1.28. metrics-collector 故障排除
当 observability-client-ca-certificate
secret 没有在受管集群中被重新刷新时,您可能会收到一个内部服务器错误。
1.28.1. 症状: metrics-collector 无法验证 observability-client-ca-certificate
可能有一个受管集群,其中的指标不可用。如果出现这种情况,您可能会从 metrics-collector
部署中收到以下错误:
error: response status code is 500 Internal Server Error, response body is x509: certificate signed by unknown authority (possibly because of "crypto/rsa: verification error" while trying to verify candidate authority certificate "observability-client-ca-certificate")

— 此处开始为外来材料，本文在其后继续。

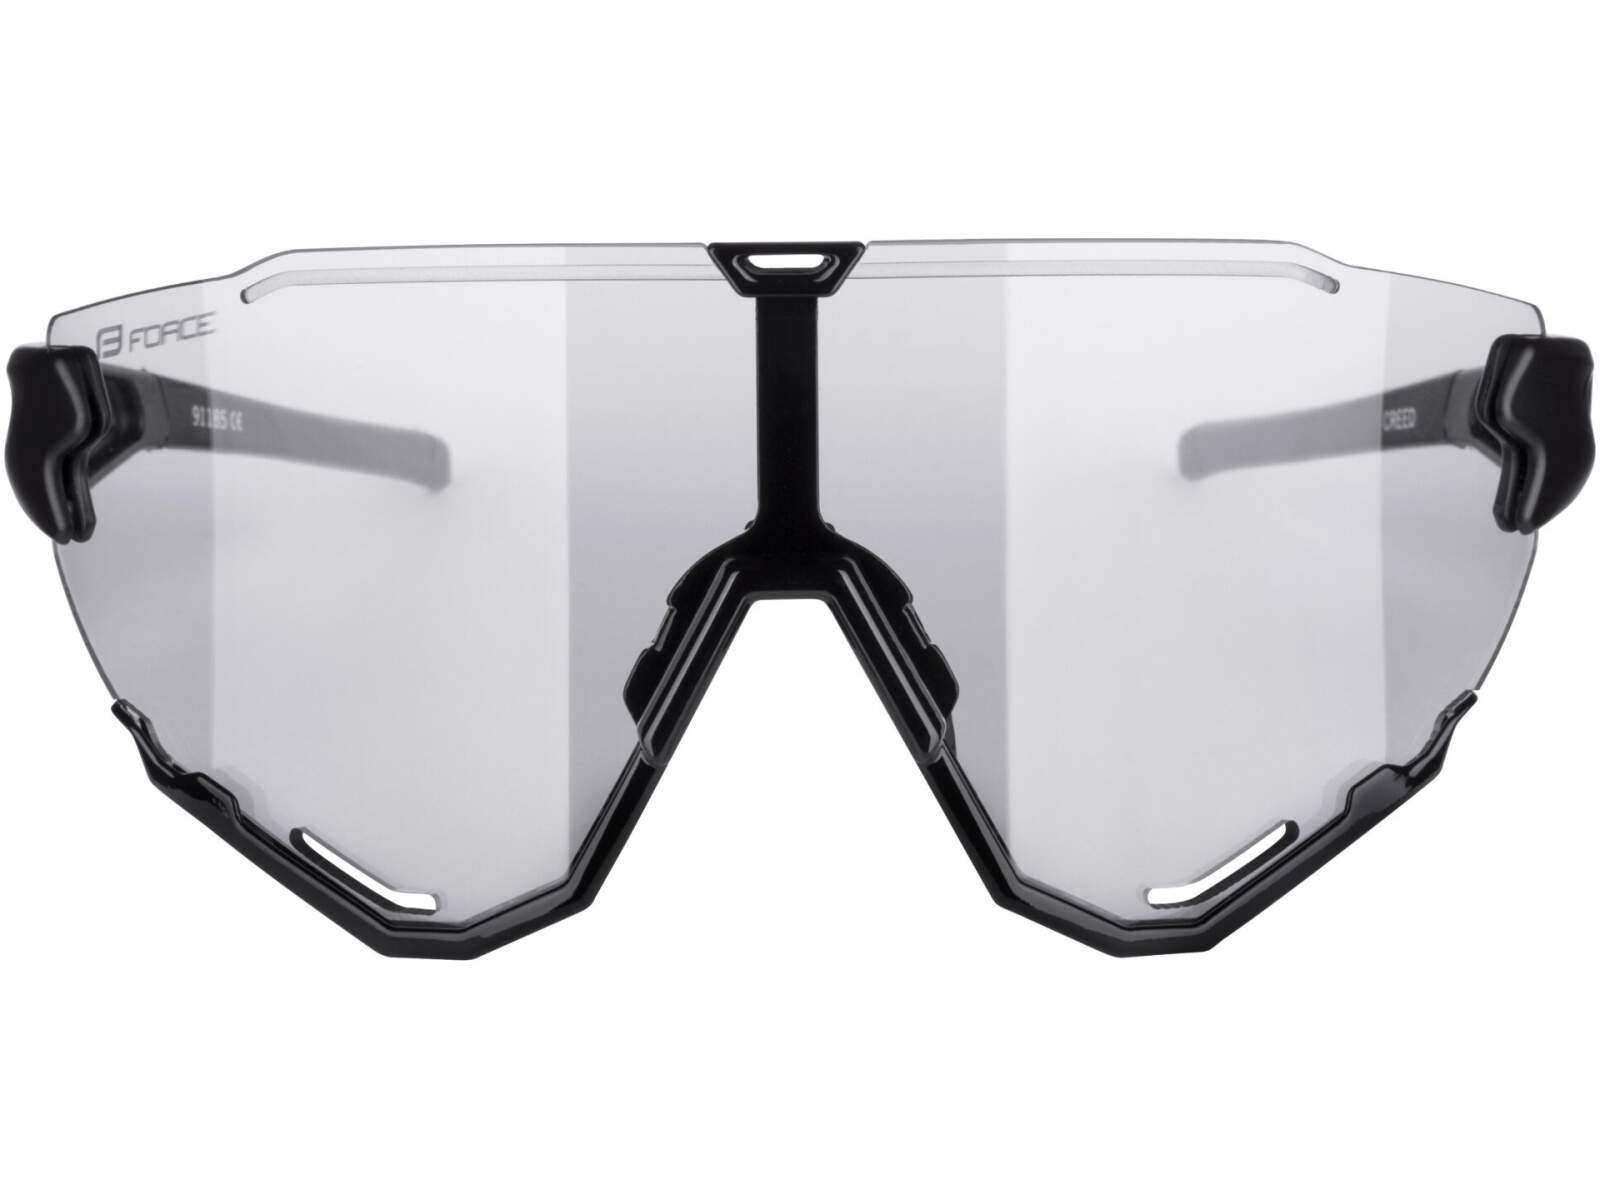 Okulary rowerowe Force Creed szkła fotochromowe

1.28.2. 解决问题: metrics-collector 无法验证 observability-client-ca-certificate
如果您有这个问题,请完成以下步骤:
- 登录到受管集群。
删除名为
observability-controller-open-cluster-management.io-observability-signer-client-cert
的 secret,该 secret 位于open-cluster-management-addon-observability
命名空间中。运行以下命令:oc delete observability-controller-open-cluster-management.io-observability-signer-client-cert -n open-cluster-management-addon-observability
注:
observability-controller-open-cluster-management.io-observability-signer-client-cert
会自动使用新证书重新创建。
重新创建 metrics-collector
部署并更新 observability-controller-open-cluster-management.io-observability-signer-client-cert
secret。